Aired August 20, 2002 - 08:33   ET

THIS IS A RUSH TRANSCRIPT. THIS COPY MAY NOT BE IN ITS FINAL FORM AND MAY BE UPDATED.


PAULA ZAHN, CNN ANCHOR: We're going to get new details about a story we first told you about yesterday, the mysterious death of Palestinian terrorist leader Abu Nidal. The guerrilla leader responsible for more than 90 terrorist attacks and hundreds of deaths was found dead in his Baghdad apartment a few days ago.
And CNN chief news executive Eason Jordan is in Baghdad.

Good morning, Eason. I'm not sure if the hookups is going to work for us or not, so I'm just going to let you explain to us what you have learned.

EASON JORDAN, CNN CHIEF NEWS EXECUTIVE: Good morning, Paula.

A remarkable story from the Iraqi capital. I've been here for several days meeting with Iraqi officials. I had a meeting just a short time ago with a senior Iraqi official who for the first time provided Iraqi government confirmation that Abu Nidal indeed committed suicide here a few days ago in Baghdad.

But a story he told was absolutely amazing. The senior Iraqi official who refused to be identified by name, said that one year ago Abu Nidal snuck into Iraq on a false passport from the neighbors country of Iran, that Abu Nidal took up residence in Baghdad, but he was very quickly discovered by Iraqi authorities.
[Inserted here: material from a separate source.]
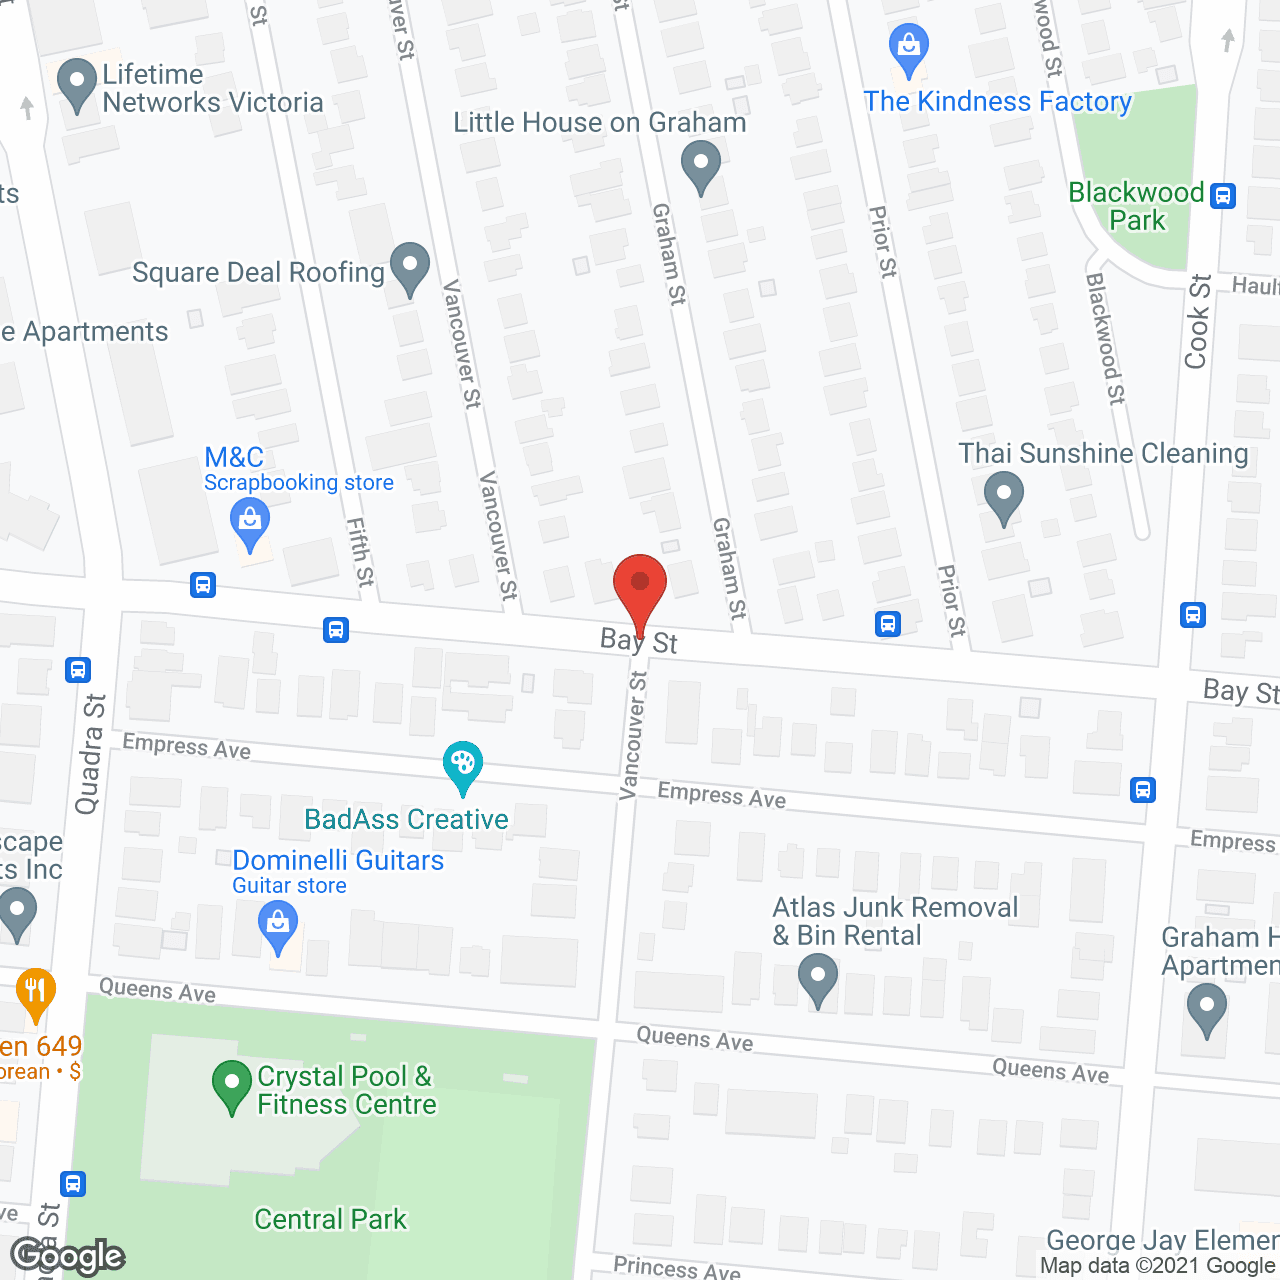 Memorial Pavillion/Victoria Hospice in google map

Iraqi authorities, according to this Iraqi official, put Abu Nidal under house arrest. Some months later, according to this official, Iraqi authorities determined that Abu Nidal was conspiring with forces outside of Iraq to work against the Iraqi government. This Iraqi official said that one of the countries outside of Iraq was Kuwait.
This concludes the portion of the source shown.